= PROBLEM REQUIREMENTS =
Reproduce the full listing below unchanged, apart from the pictures.

BEGIN SOURCE DATA

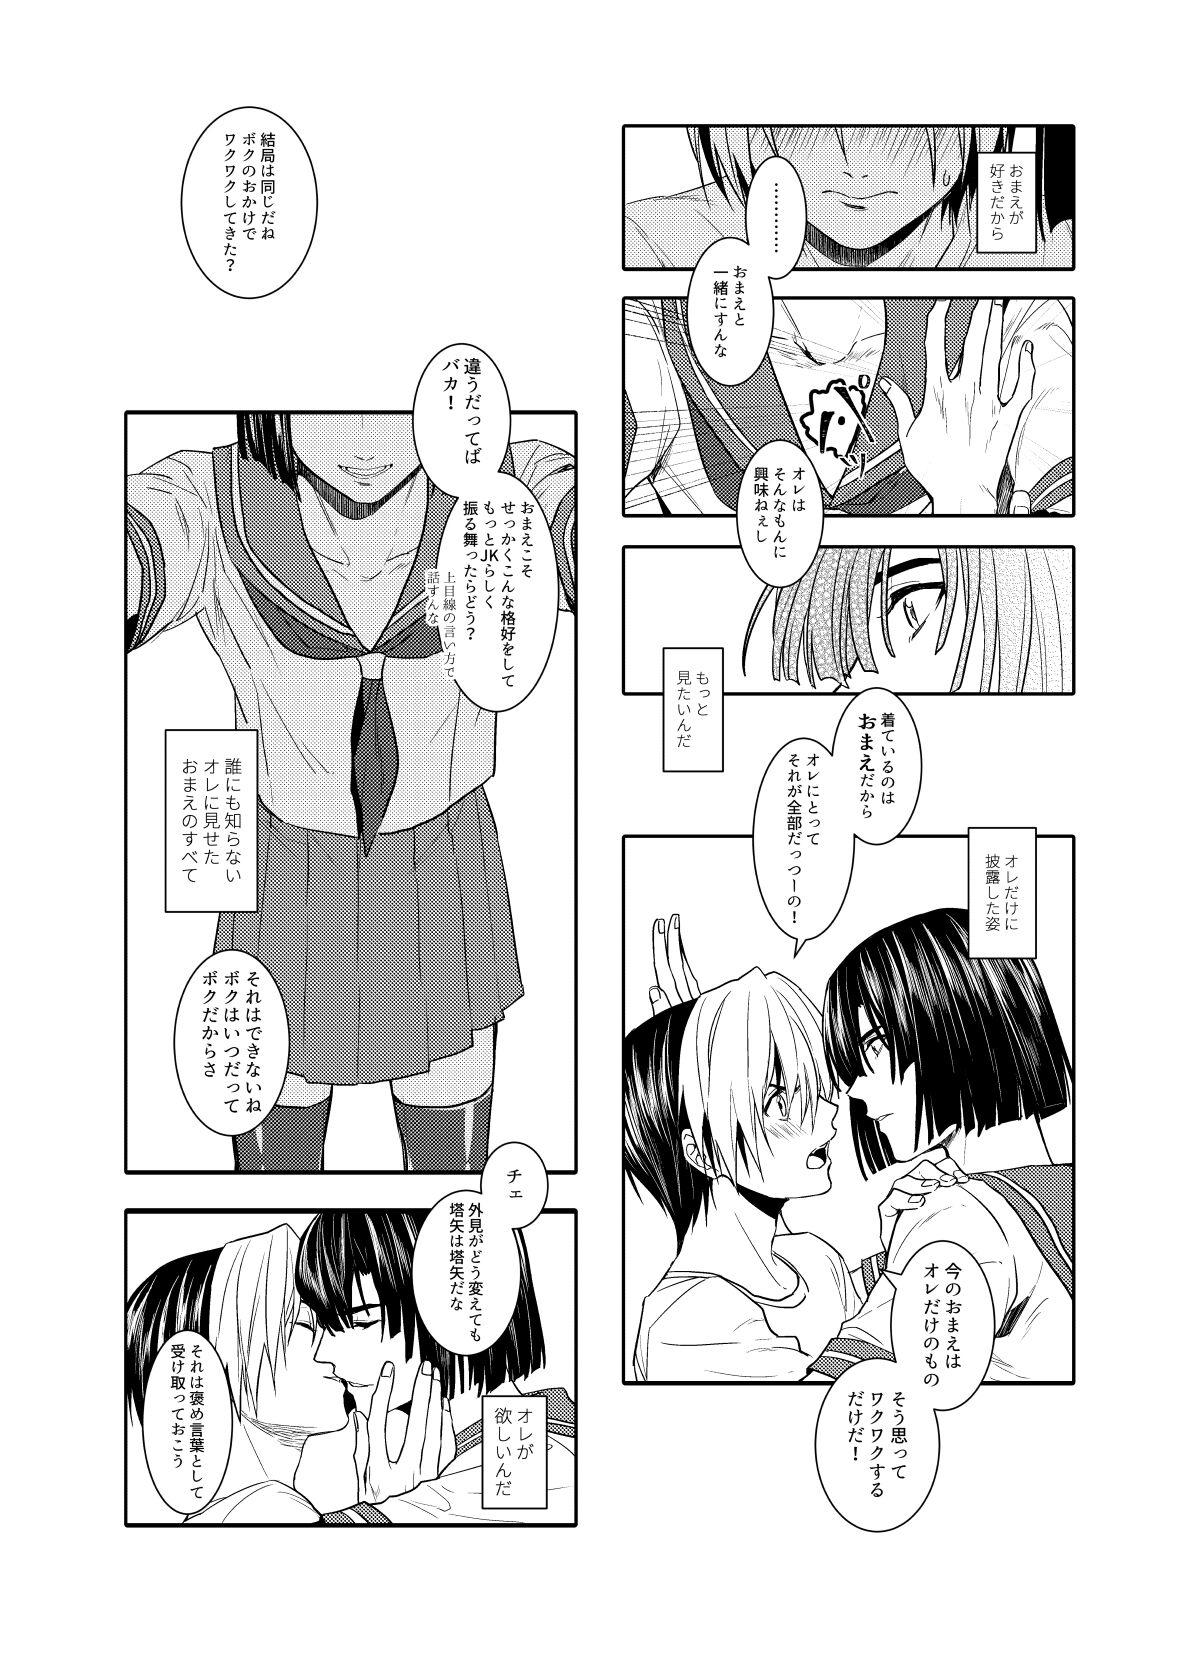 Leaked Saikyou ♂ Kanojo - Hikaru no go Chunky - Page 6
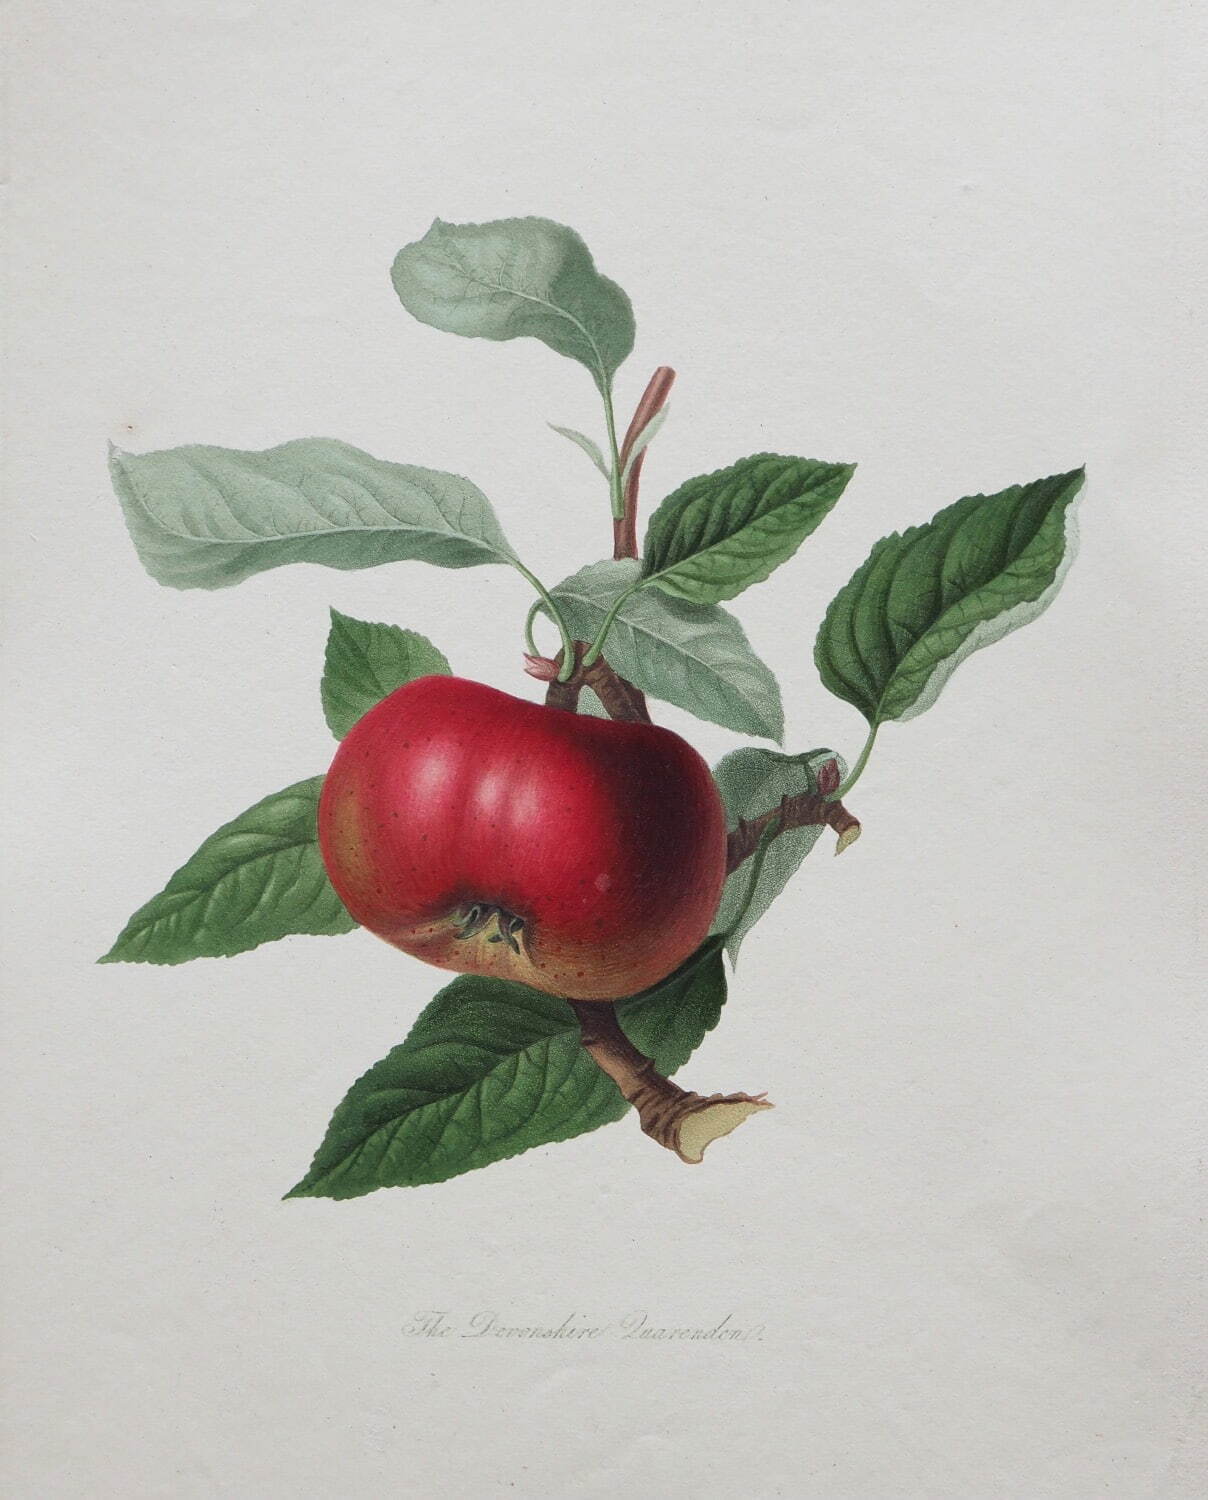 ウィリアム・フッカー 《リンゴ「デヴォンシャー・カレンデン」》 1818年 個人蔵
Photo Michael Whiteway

END SOURCE DATA

= OUTPUT FOR THIS TASK =
 Leaked Saikyou ♂ Kanojo - Hikaru no go Chunky - Page 6
 ウィリアム・フッカー 《リンゴ「デヴォンシャー・カレンデン」》 1818年 個人蔵
Photo Michael Whiteway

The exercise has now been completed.